Programming statement for branching control based on a value

In computer programming, a switch statement is a selection control flow mechanism that changes execution control based on the value of an expression (i.e. evaluation of a variable). A switch statement is similar to an if statement but instead of branching only on true or false, it branches on any number of values. Although the syntax varies by programming language, most imperative languages provide a statement with the semantics described here as the switch statement. Often denoted with the keyword switch, some languages use variations such as case, select, or inspect.

==Value==
Sometimes, use of a switch statement is considered superior to an equivalent series of if-then-else statements because it is:

- Easier to understand
  And consequently easier to maintain: at least partially since it's fixed depth.

- Easier to debug
  For example, setting breakpoints on code vs. a call table, if the debugger has no conditional breakpoint capability.

- Easier to verify
  that all values are handled since a compiler can warn if a value is not handled.

- Can execute faster
  An optimized implementation may execute much faster because it is often implemented as a branch table. When implemented as such, a switch statement embodies a perfect hash.

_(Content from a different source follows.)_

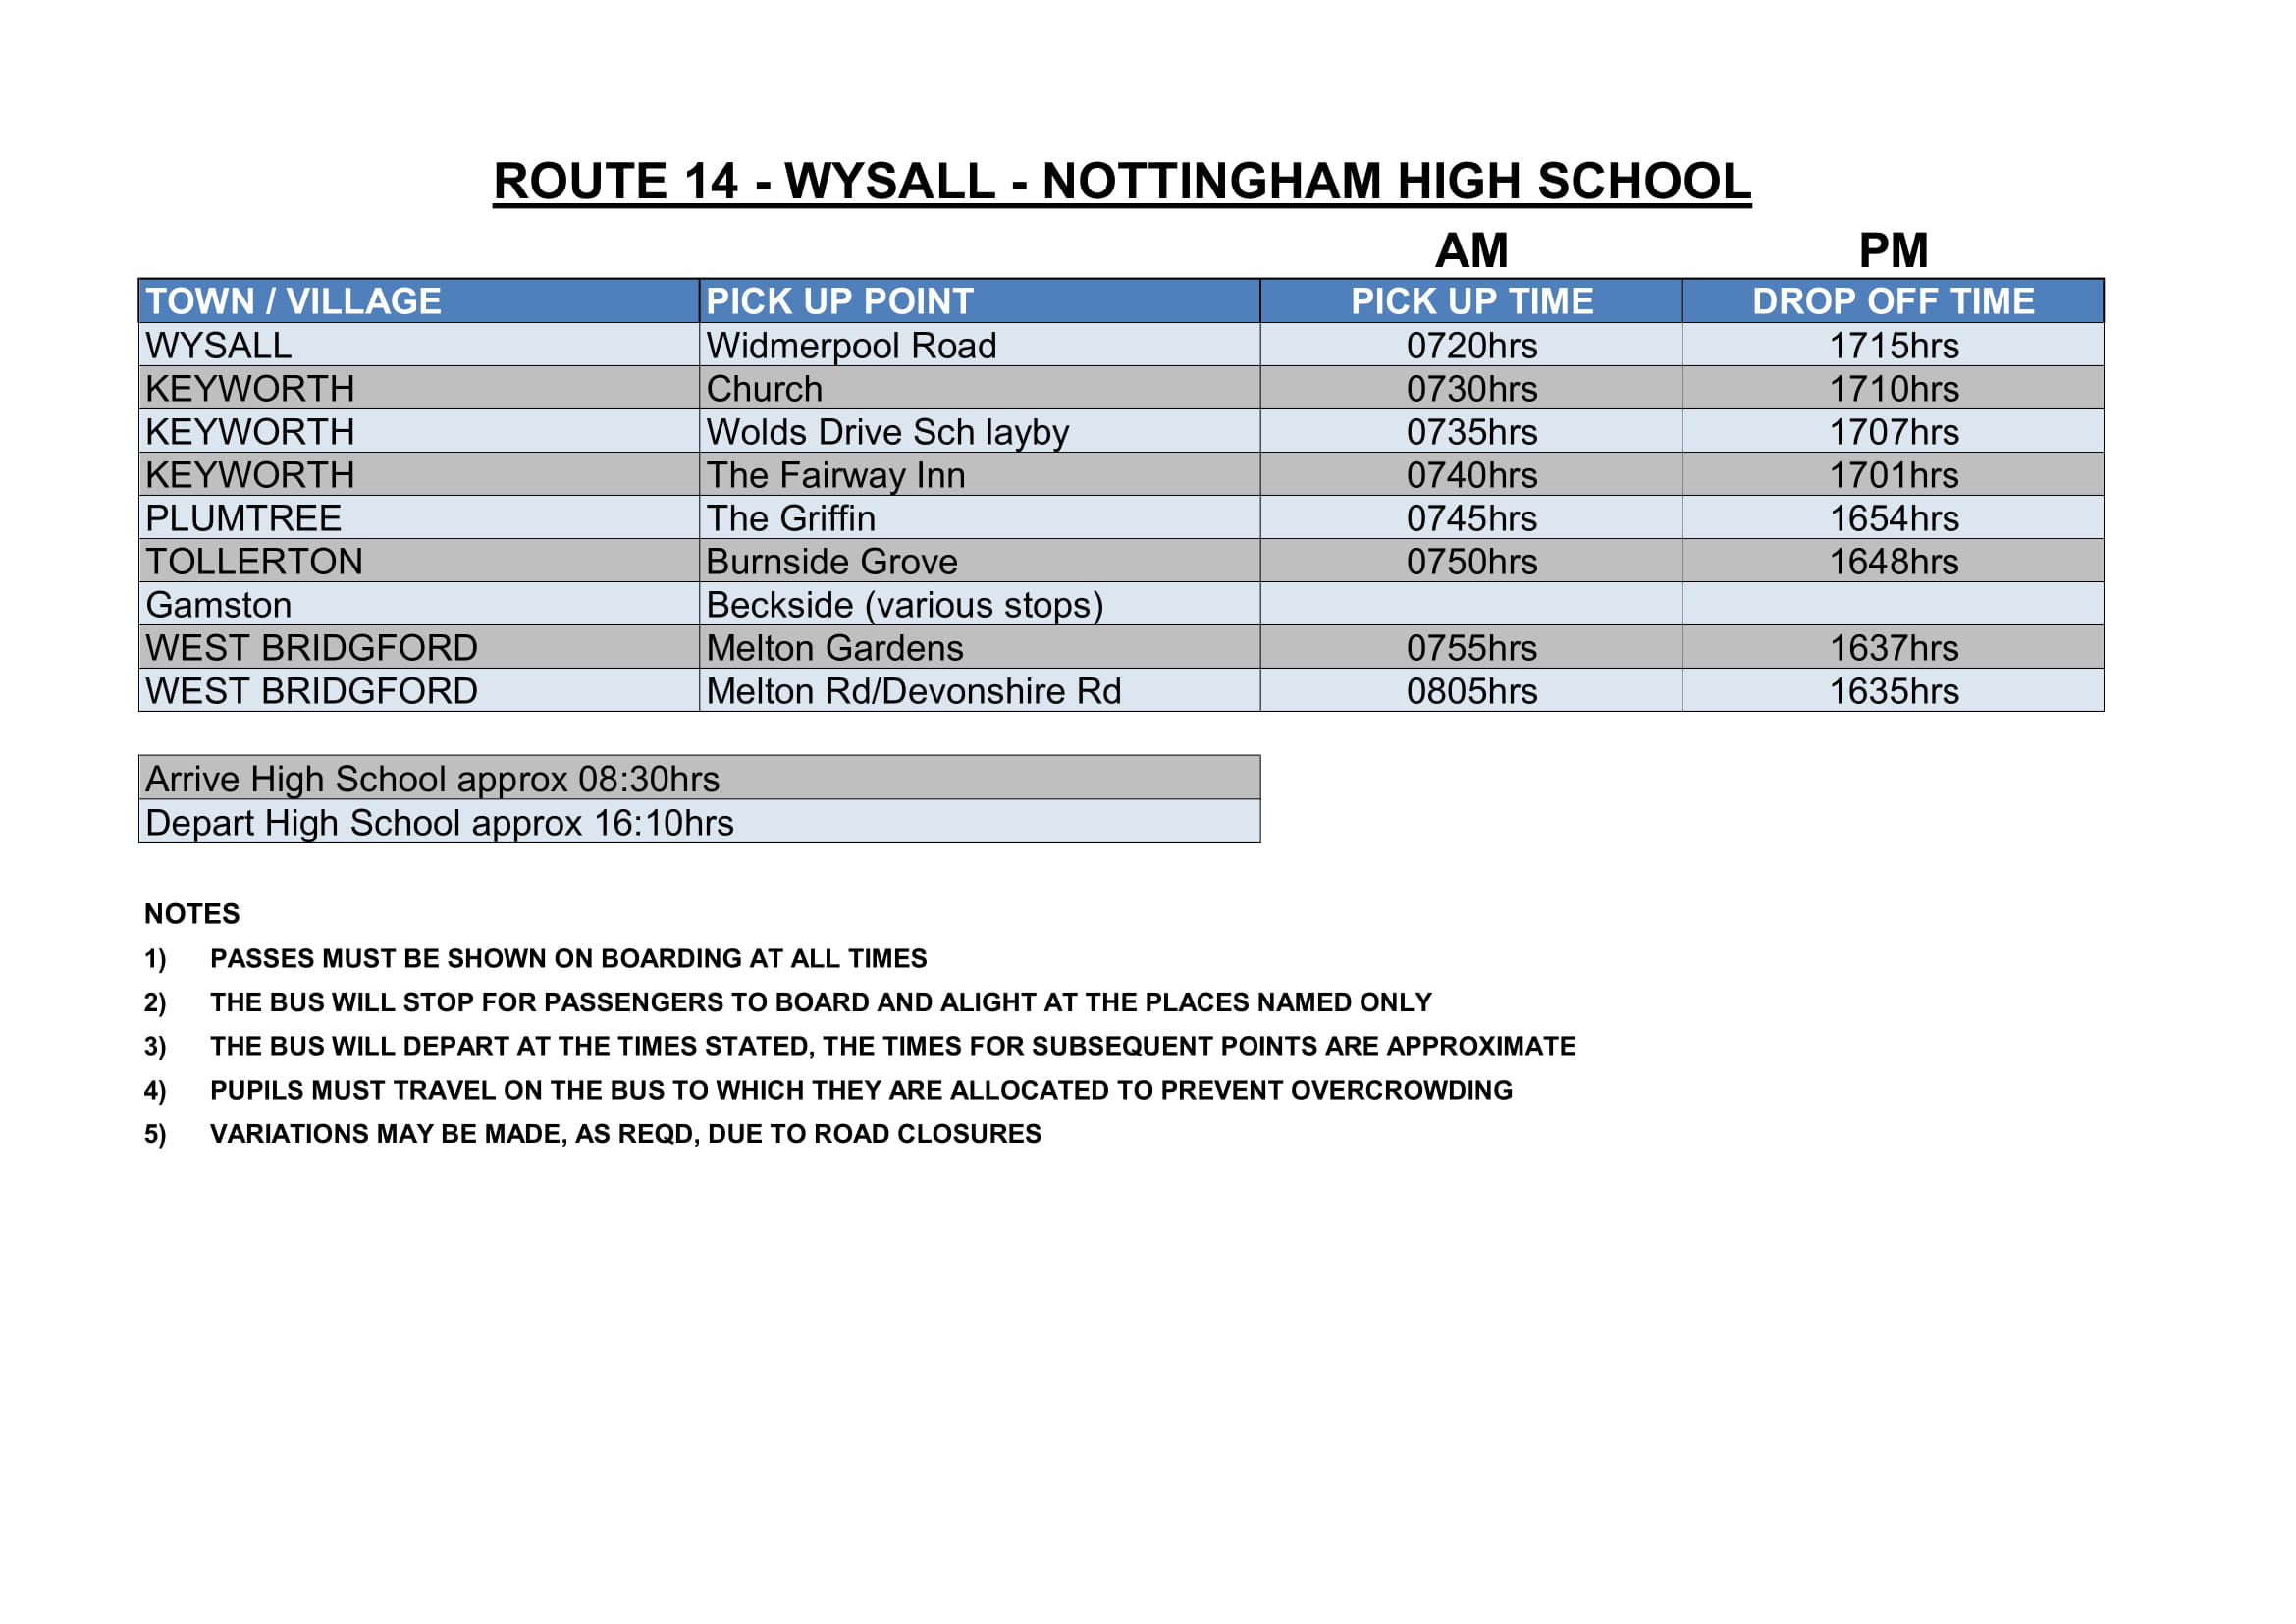 Sharpes of Nottingham Timetable

 An optimizing compiler such as GCC or Clang may compile a switch statement into either a branch table or a binary search. A branch table allows the program to determine which branch to execute with a single calculation instead of comparing values in a sequence. A binary search takes only a logarithmic number of comparisons, measured in the number of cases in the switch statement. Generally, the only way to determine whether the code was optimized in this way, is by analyzing the compiler output such as assembly or machine code.

- Less complex
  In terms of a control-flow graph, a switch statement consists of two nodes (entrance and exit), plus one edge between them for each option. By contrast, a sequence of if-then-else statements has an additional node for every case other than the first and last, together with a corresponding edge. The resulting control-flow graph for the sequences of "if"s thus has many more nodes and almost twice as many edges, without adding useful information.

==Elements==
Typically, a switch statement involves:

- Verb
  Starts with a control verb such as select which is followed by an expression which is often a variable name; the control expression or control variable.

- Cases
  Subsequent branch alternative sections each start with a keyword (i.e. case) plus a value (or multiple values) along with code to execute for the value(s). In some languages, i.e. PL/I and Rexx, if the control expression is omitted then each alternative begins with a when clause containing a Boolean expression and a match occurs for the first case for which that expression evaluates true; similar to an if-then-else structure.

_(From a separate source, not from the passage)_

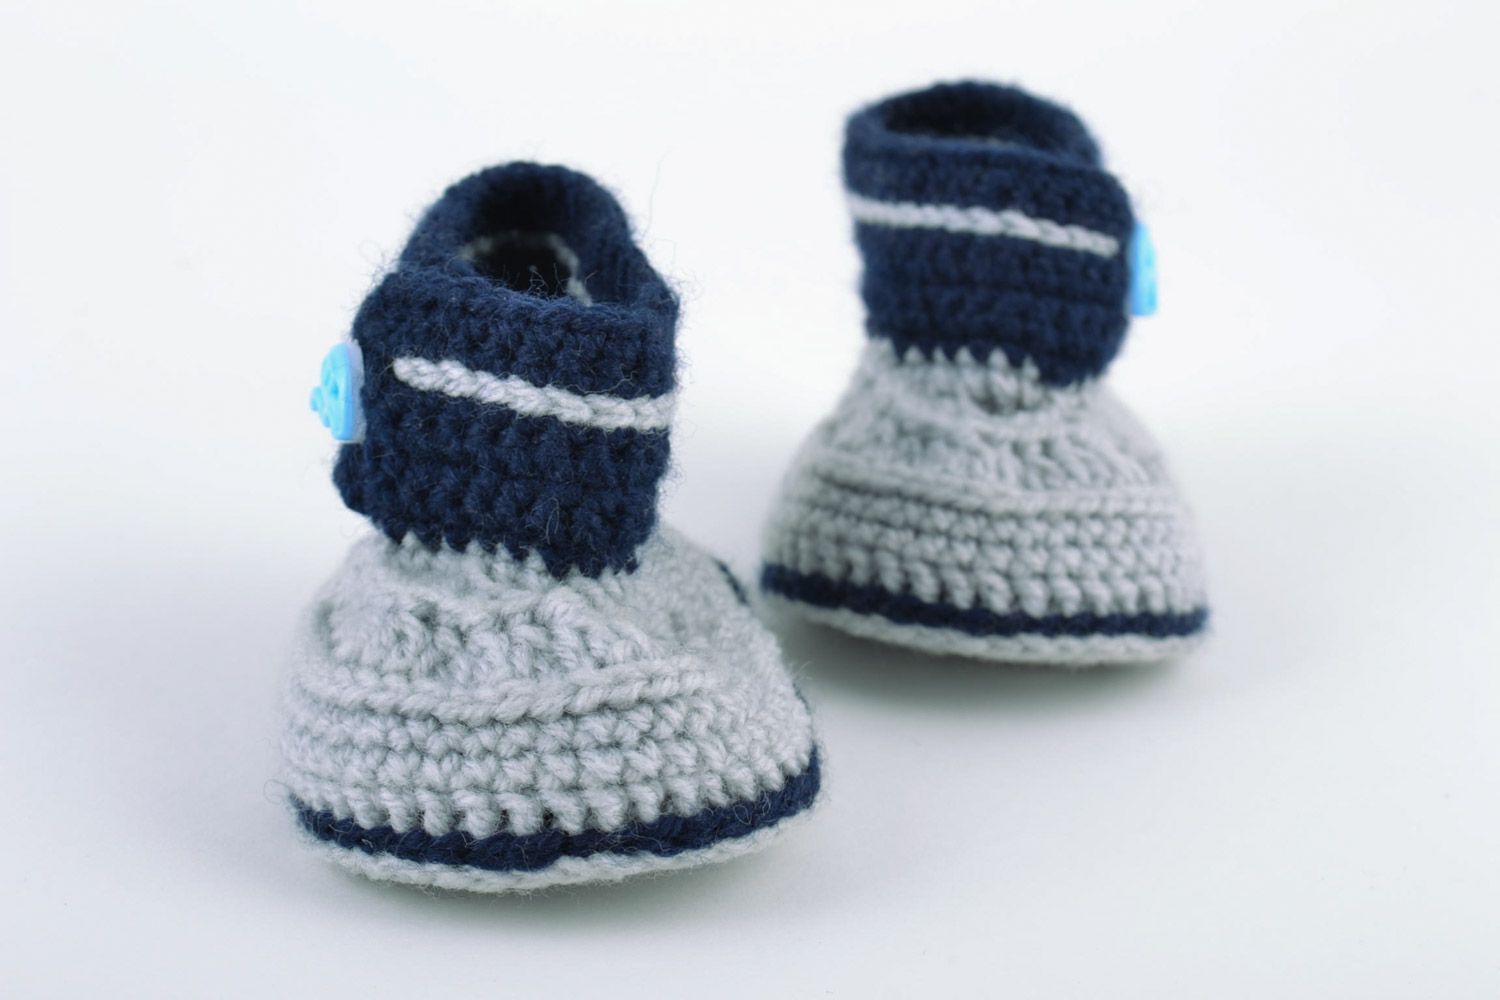 Petucos de bebé con forma de zapatitos artesanales de lana grises azules foto 5

 In a language with fall through behavior, such as C, each section ends with a keyword (such as break) if that section should not fall through.

- Default
  An optional default case is typically allowed, often via a keyword such as default, otherwise, or else. Control branches to this section when none of the other cases match the control expression. In some languages, such as C, if no case matches and the default section is omitted, the statement does nothing, but in others, like PL/I, an error occurs.

== Fall through ==
Two main variations of the switch statement include unstructured which supports fall through and structured which does not.

For a structured switch, as in Pascal-like languages, control jumps from the start of the switch statement to the selected case and at the end of the case, control jumps to the end of the switch statement. This behaves like an if–then–else conditional but supports branching on more than just true and false values. To allow multiple values to execute the same code (avoiding duplicate code), the syntax permits multiple values per case.

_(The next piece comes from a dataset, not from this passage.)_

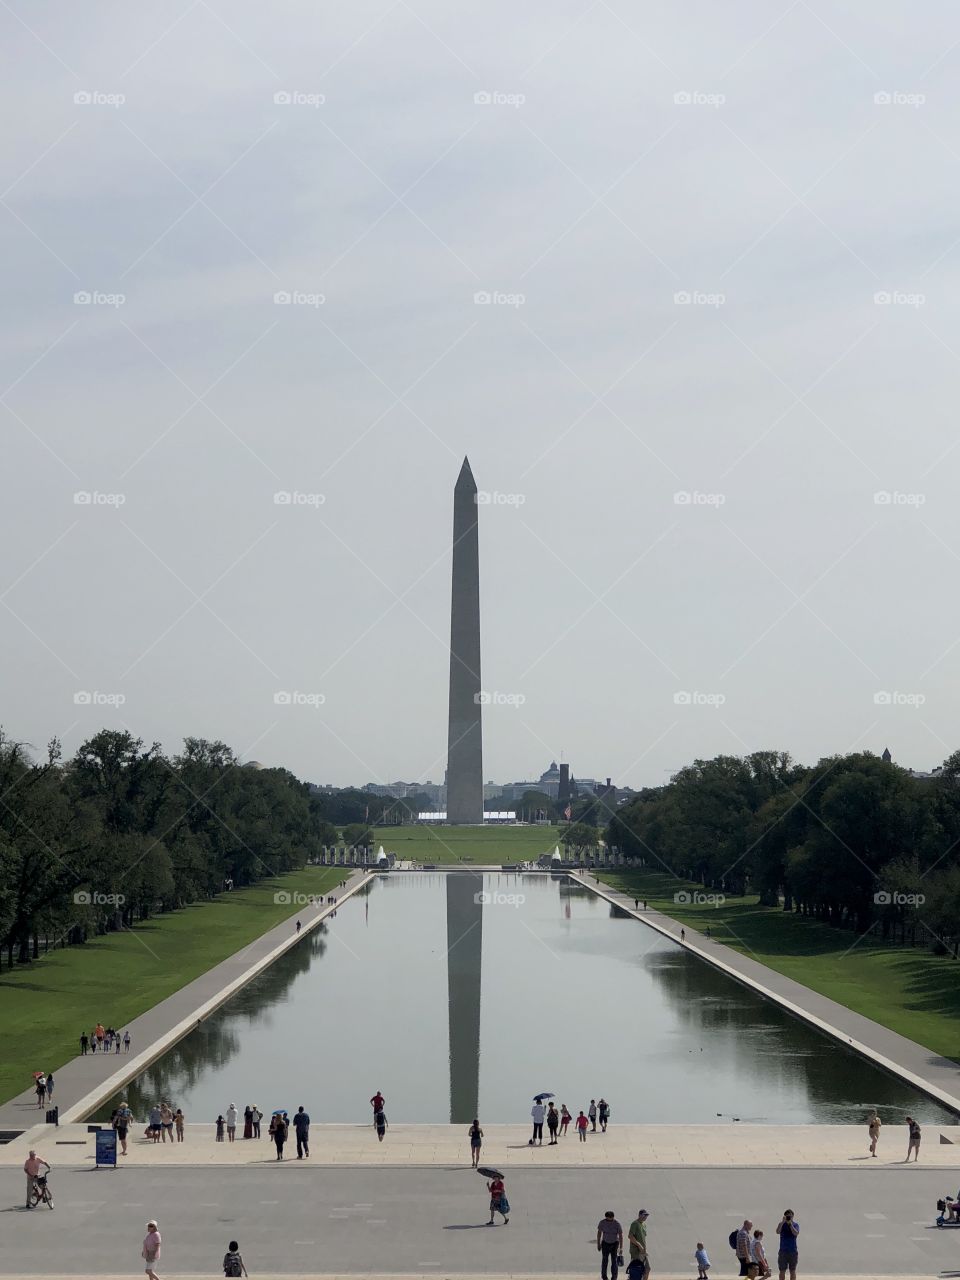 Monument of Washington

An unstructured switch, as in C (and more generally languages influenced by Fortran's computed goto), acts like goto. Control branches from the start of the switch to a case section and then control continues until either a block exit statement or the end of the switch statement. When control branches to one case, but continues into the subsequent branch, the control flow is called fall through, and allows branching to the same code for multiple values.

Fall through is prevented by ending a case with a keyword (i.e. break), but a common mistake is to accidentally omit the keyword, causing unintentional fall through and often a bug. Therefore, many consider this language feature to be dangerous, and often fall through code results in a warning from a code quality tool such as lint.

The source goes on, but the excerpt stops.